GIVEN DATA.

···

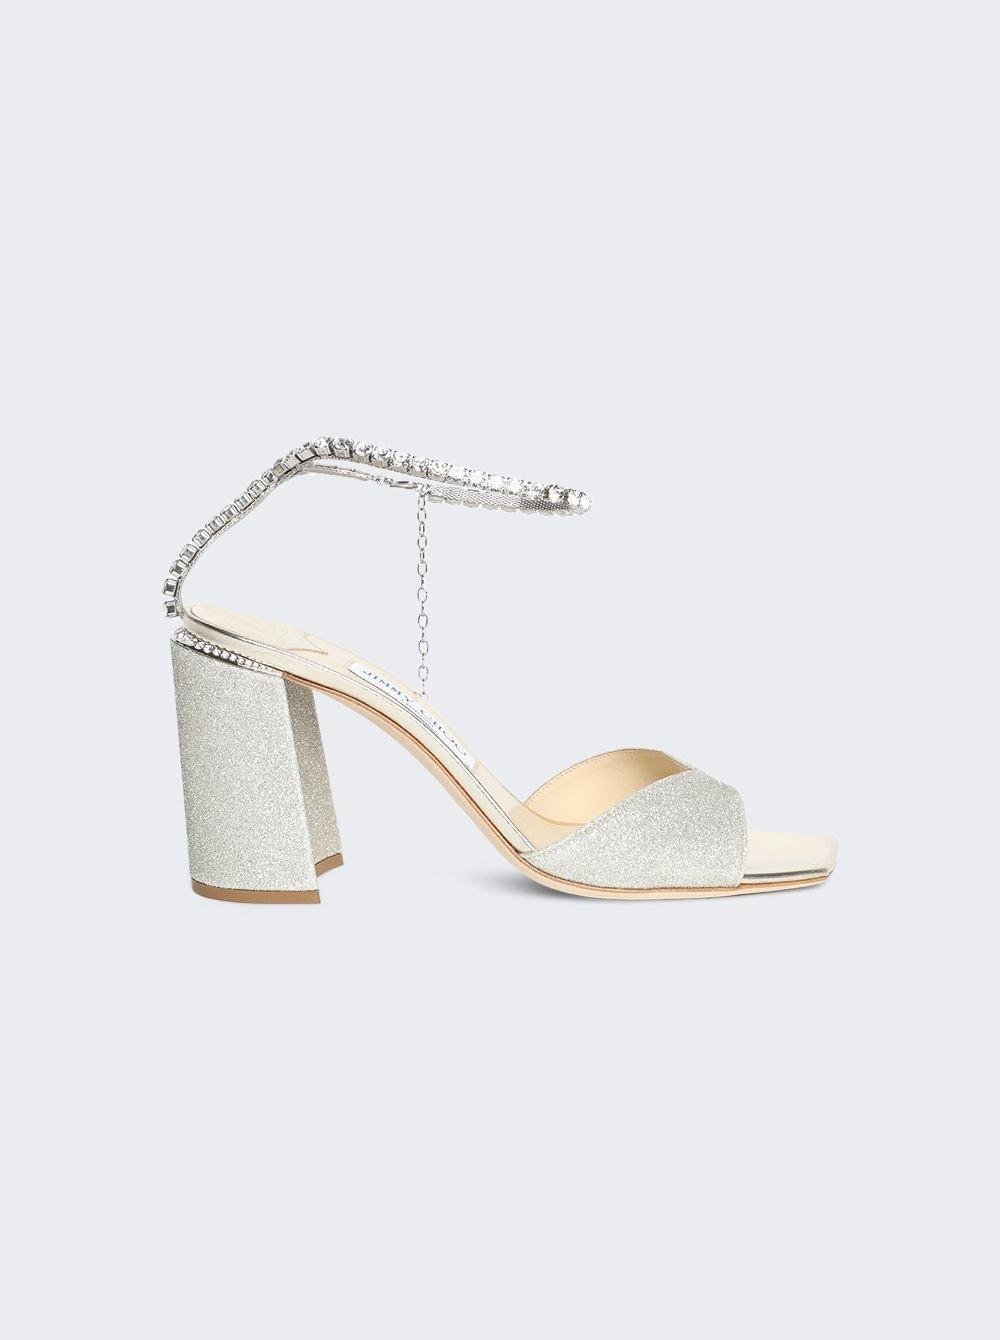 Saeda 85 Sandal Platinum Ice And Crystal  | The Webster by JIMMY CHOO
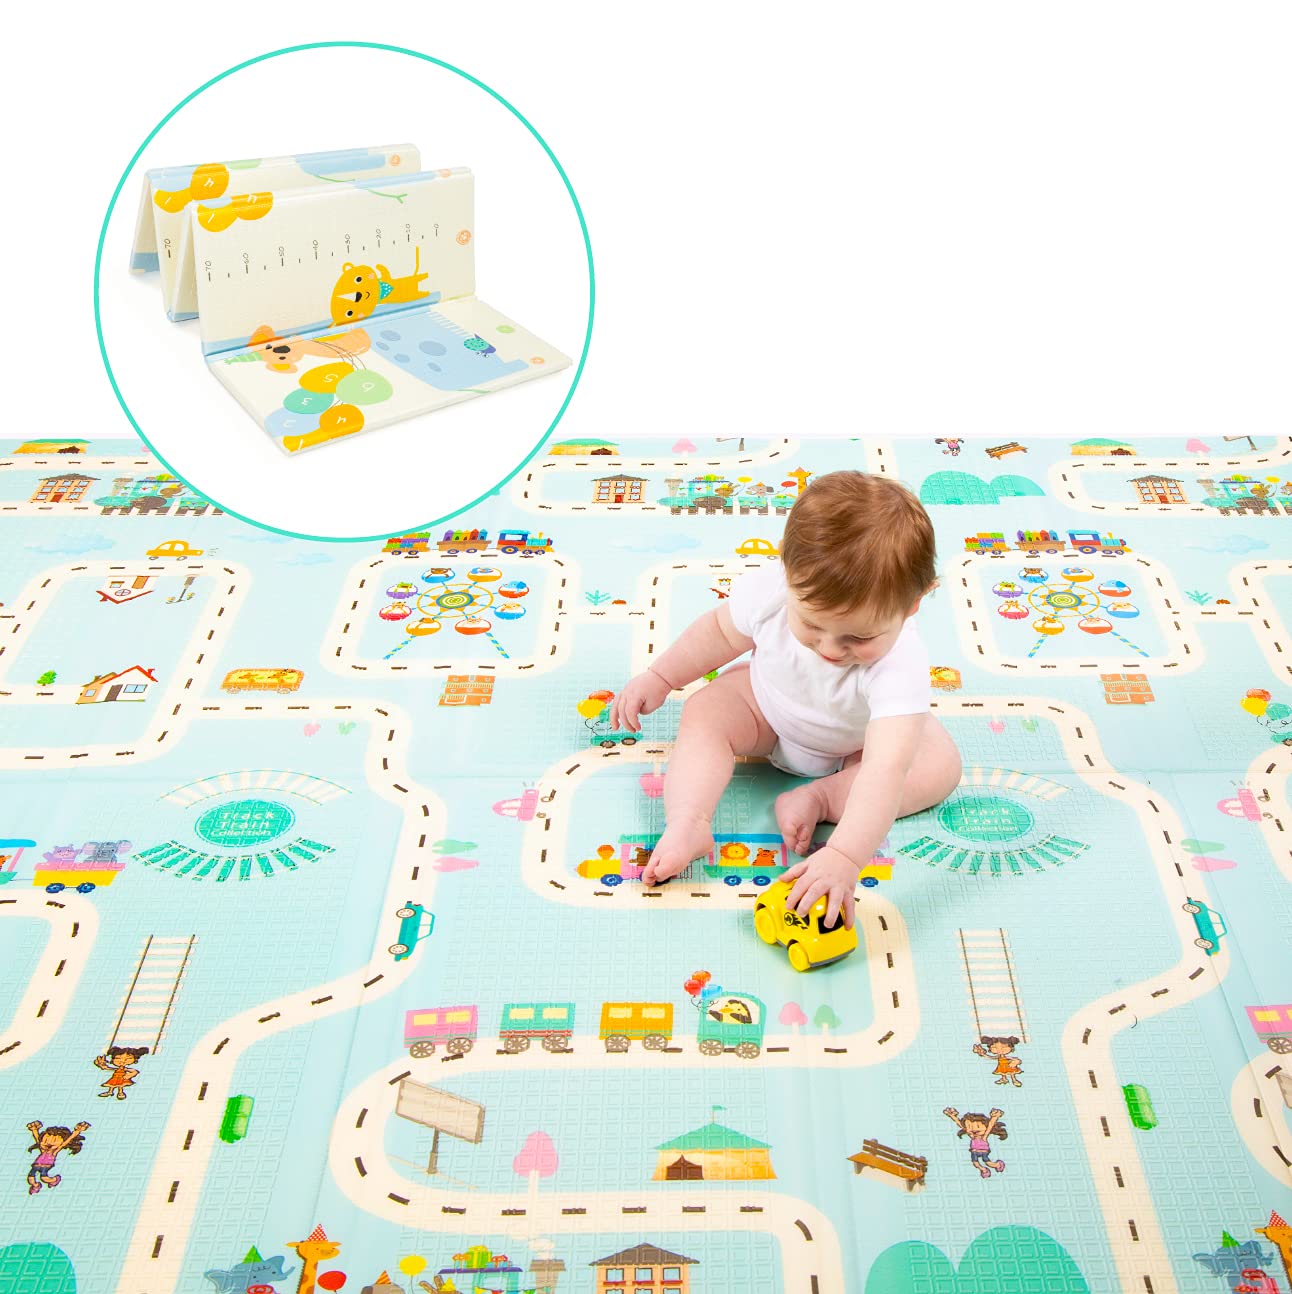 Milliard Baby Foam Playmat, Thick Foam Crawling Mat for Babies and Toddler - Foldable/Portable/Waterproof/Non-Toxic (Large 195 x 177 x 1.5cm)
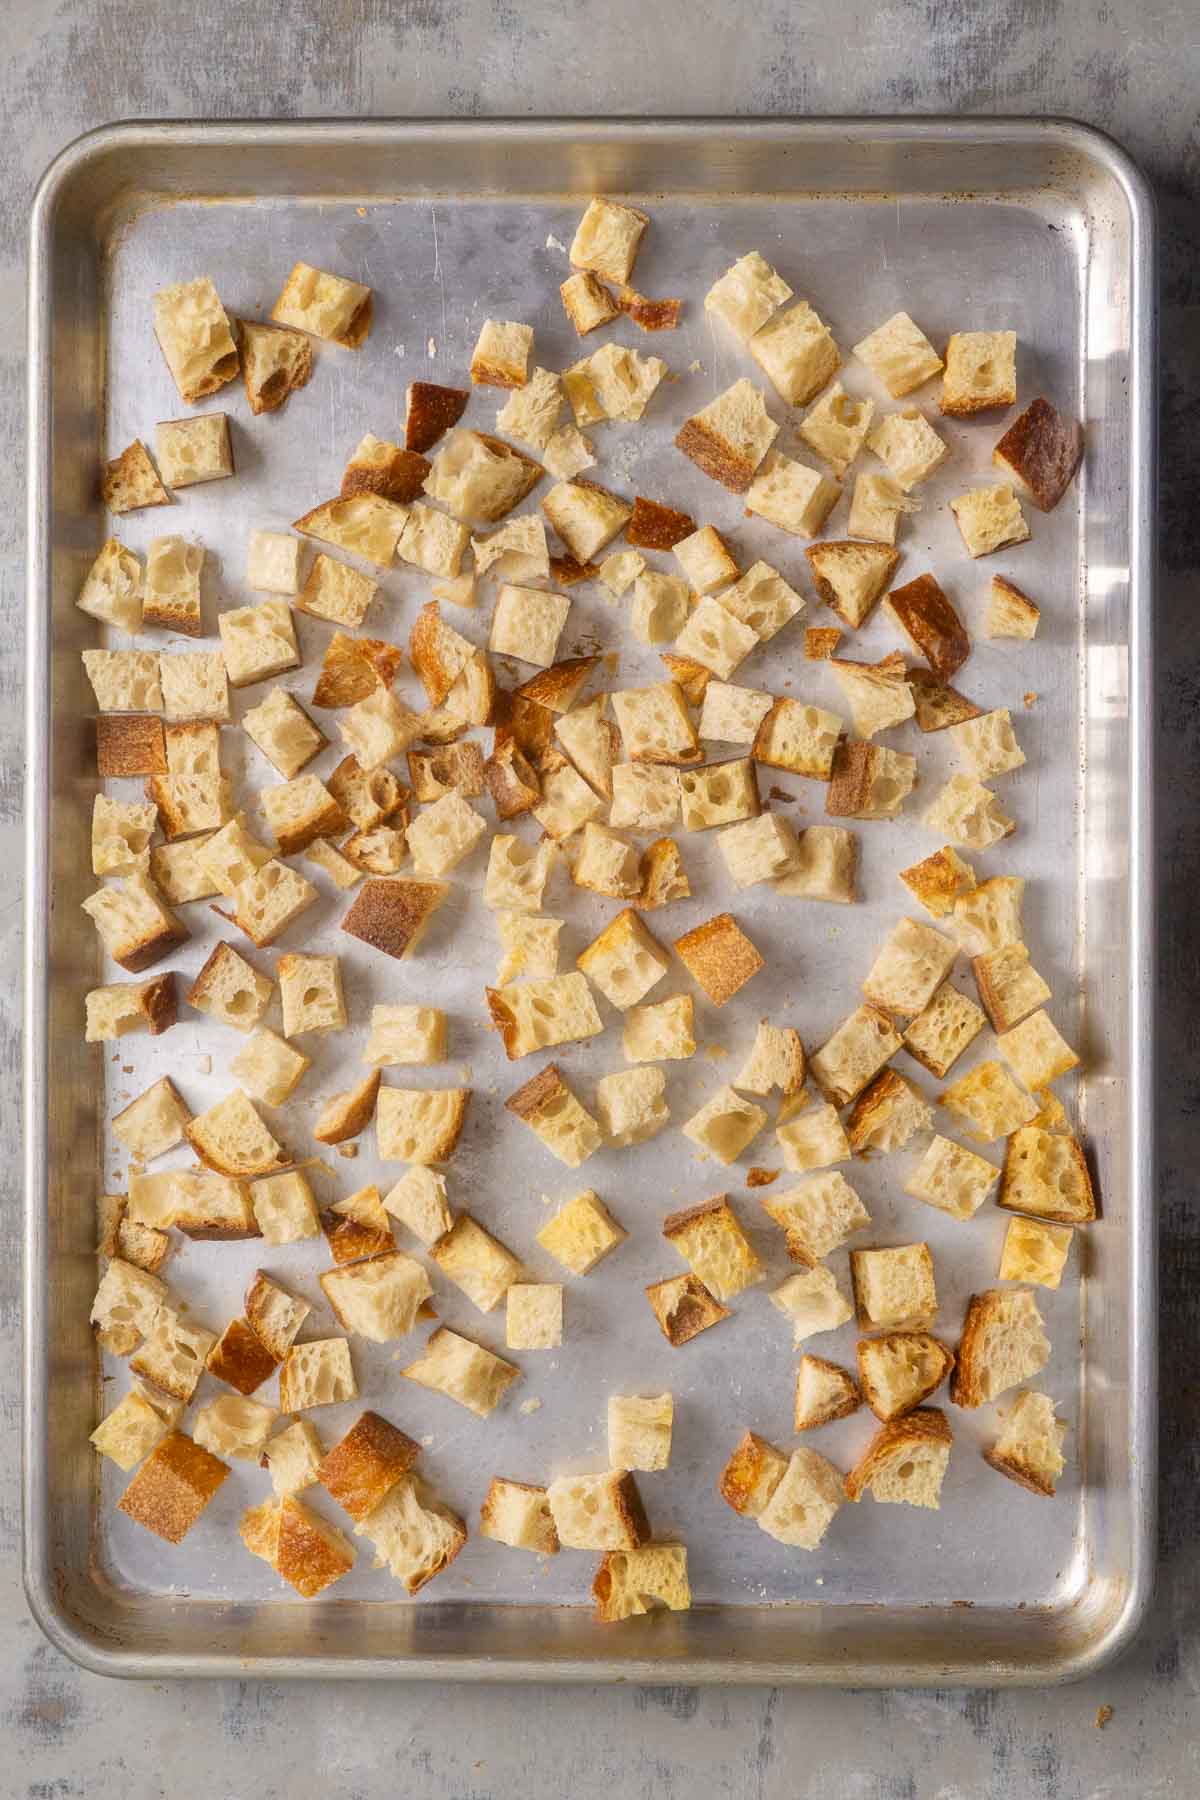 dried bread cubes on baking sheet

···

PROBLEM. Please reproduce the data above word for word, skipping all images.

EXPECTED OUTPUT.
 Saeda 85 Sandal Platinum Ice And Crystal  | The Webster by JIMMY CHOO
 Milliard Baby Foam Playmat, Thick Foam Crawling Mat for Babies and Toddler - Foldable/Portable/Waterproof/Non-Toxic (Large 195 x 177 x 1.5cm)
 dried bread cubes on baking sheet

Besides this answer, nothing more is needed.